Прибыв в бурлящую от богословских распрей столицу, Феодосии достаточно быстро разобрался в особенностях восточно-христианской религиозности и изменил первоначальную тактику. В мае 381 г. по его указу был созван церковный собор, с которым принято связывать признаваемый ныне абсолютным большинством христианских конфессий вероисповедальный символ. Хотя он издавна именуется «Никеоконстантинополъским» (или «Никеоцареградским»), историки Церкви до сих спорят, действительно ли он был принят в 381 году. В документах самого собора никаких указаний на это нет. Лишь косвенные данные заставляют допускать такую возможность. Но как бы то ни было, 1-й Константинопольский собор именно потому и стали позднее считать Вселенским, что церковная традиция приписывала ему создание главного символа христианского вероисповедания.
Никео-Константинопольский символ (381 г.)
«Верую во единого Бога Отца, Вседержителя, Творца неба и земли, всего видимого и невидимого. И во единого Господа Иисуса Христа, Сына Божия, Единородного, Отцом рожденного прежде всех, веков; в Свет от Света, в Бога истинного от Бога истинного, рожденного, несотворенного, единосущного Отцу, через Которого все произошло. Ради нас, людей, и нашего ради спасения сошедшего с небес и воплотившегося от Духа Святого и Марии Девы и вочеловечившегося. Распятого за нас при Понтии Пилате, страдавшего и погребенного. И воскресшего в третий день, согласно Писаниям. И восшедшего на небеса и справа от Отца сидящего. И вновь со славой грядущего судить живых и мертвых. Царствию же Его не будет конца.
И (верую) в Духа Святого, Господа Животворящего, от Отца исходящего, Коего вместе
с Отцом и Сыном славим и почитаем через пророков говорившего. Во единую Святую, Соборную и Апостольскую Церковь. Исповедую единое крещение во оставление грехов. Чаю воскресения из мертвых и жизни будущего века. Аминь».

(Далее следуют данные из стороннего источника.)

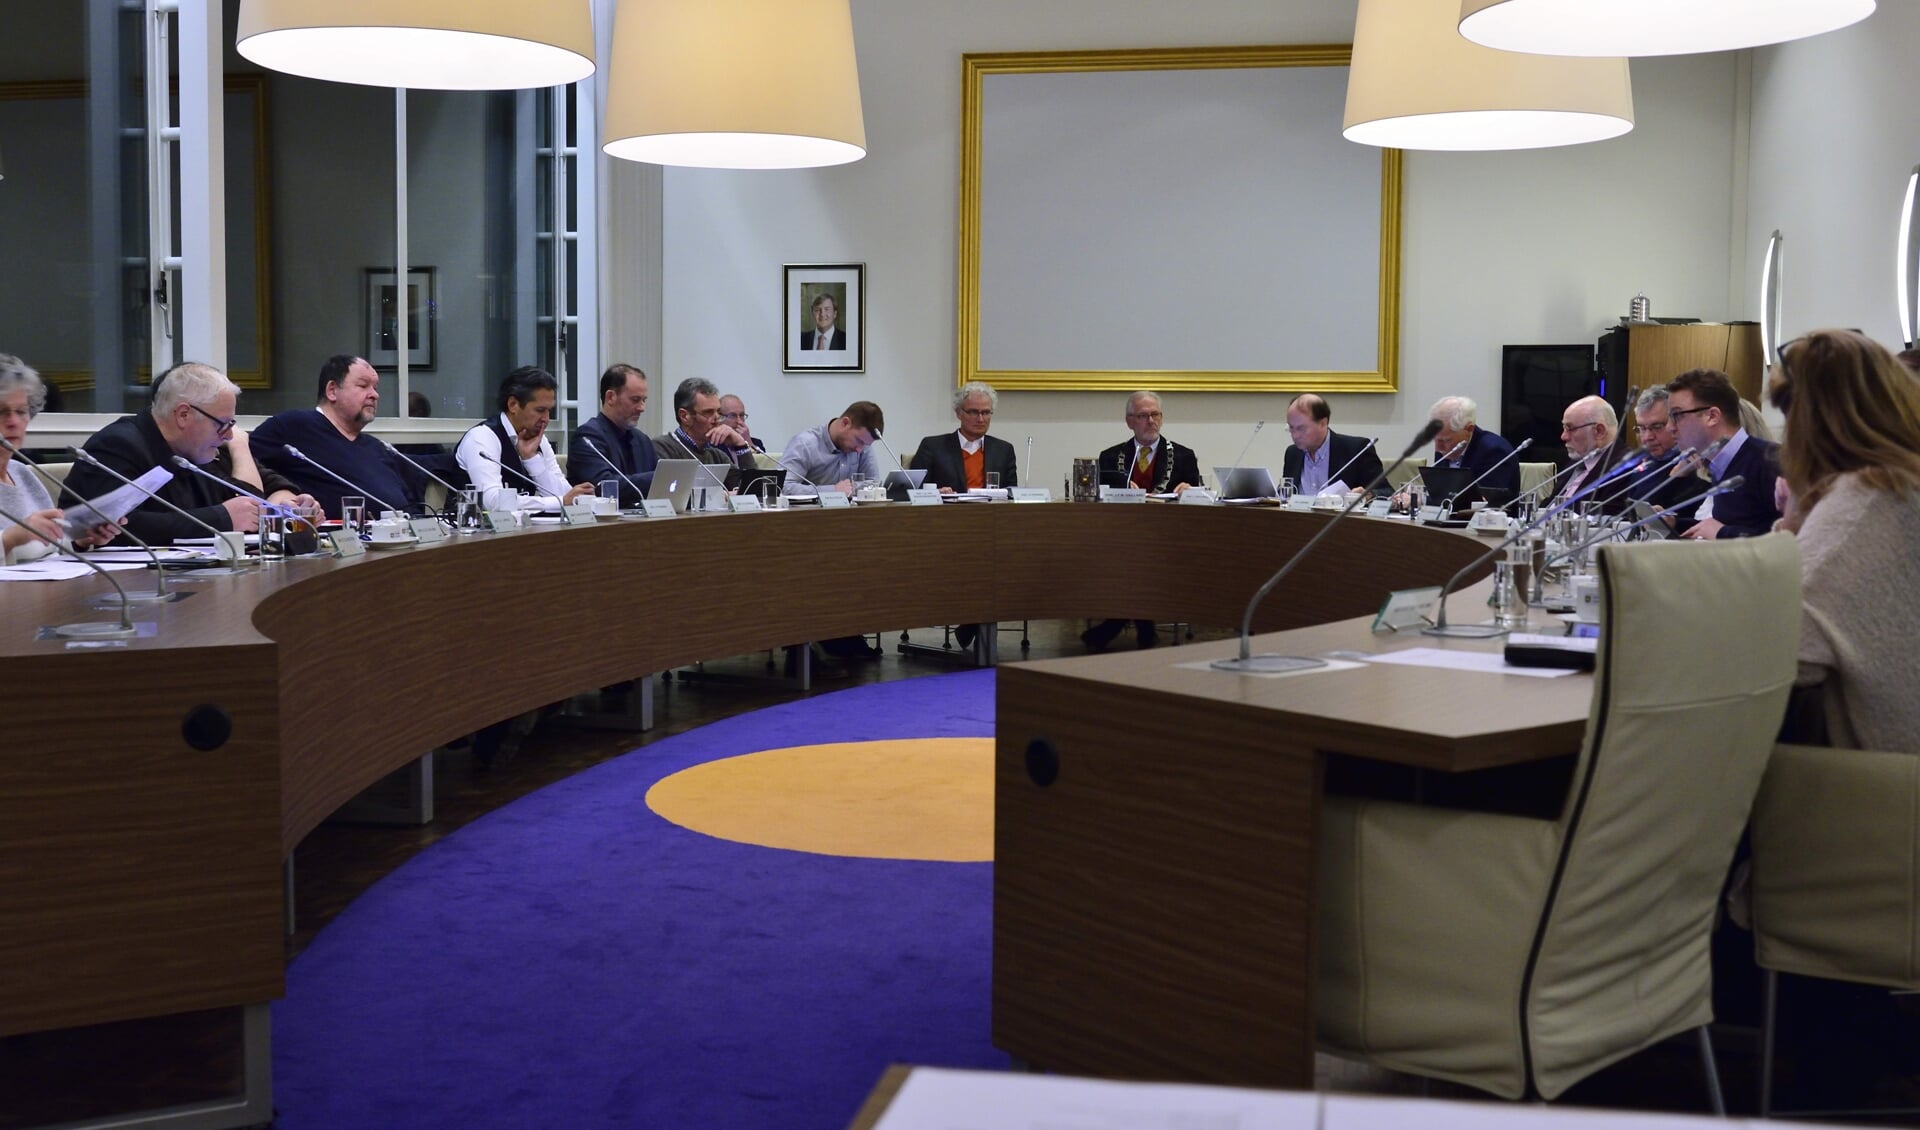 De raad bijeen, straks met een nieuwe wethouder voor PvdA/GroenLinks

И «по букве», и «по духу» этот символ заметно отличается от Никейского. Из 178 слов, входящих в его греческий текст, только 33 совпадают с текстом Никейского вероизложения. Но что особенно важно — в нем отсутствует утверждение ипостасного тождества Отца и Сына. Можно было бы предполагать, что святые отцы попросту опустили утративший острую актуальность анафематизм Никейского символа и продолжали мыслить Бога сущностно и ипостасно единым, если бы в письме, которое участники Константинопольского собора направили западному епископату, содержалось не оставляющего никаких сомнений уточнения. «Эту самую веру, — писали они, — следует принимать и вам. Она... учит веровать в равно-честное достоинство и совечное царствование трех совершенных Ипостасей или трех совершенных Лиц...»

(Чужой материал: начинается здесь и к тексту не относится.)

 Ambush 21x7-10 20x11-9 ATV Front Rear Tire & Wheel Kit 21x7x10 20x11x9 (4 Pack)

Таким образом, константинопольские отцы придерживались иной богословской концепции, нежели никейские. Они верили в триипостасное единство Божества, тогда как Никейский символ настаивал на Его единой ипостаси.1
1 Сама Церковь считает, что на Константинопольском соборе не было замены одного догмата другим, а имело место более глубокое раскрытие уже существовавшего.
НАЧАЛО ХРИСТОЛОГИЧЕСКИХ СПОРОВ
В атмосфере тринитарных споров взыскующая богословская мысль устремилась к исследованию таких вопросов, которые прежде казались христианам ясными и простыми. Начиная с Иринея Лионского, более двух веков верующие как аксиому принимали утверждение, что в Иисусе Христе сочеталась Божественная и человеческая природа, и видели в этом залог собственного бессмертия. Сам же факт их слияния признавался глубоко-таинственным и не подлежащим рассудочному исследованию. Однако в середине IV в. богословская мысль, отравленная ядом греческого «любомудрия», пожелала выяснить, как соединилось ограниченное пространством и временем человеческое естество с абсолютно безграничной природой Бога. Могла ли человеческая природа, вступив в такой союз, остаться неизменной и не раствориться в Бесконечном? В какой момент произошло их соединение? Сколько раз родился Христос? И кто, наконец, действует в Иисусе — Бог или человек? В спорах, которые постепенно разгорелись вокруг этих вопросов, отчаянно боролись требования логики и стремление к спасению. В V в. христологическая дискуссия стала важнейшей составляющей интеллектуальной жизни не только христианской Церкви, но и всего позднеантичного общества. Для обсуждения затронутых ею проблем пришлось созывать четыре Вселенских собора, на которых были выработаны христологические догматы Церкви.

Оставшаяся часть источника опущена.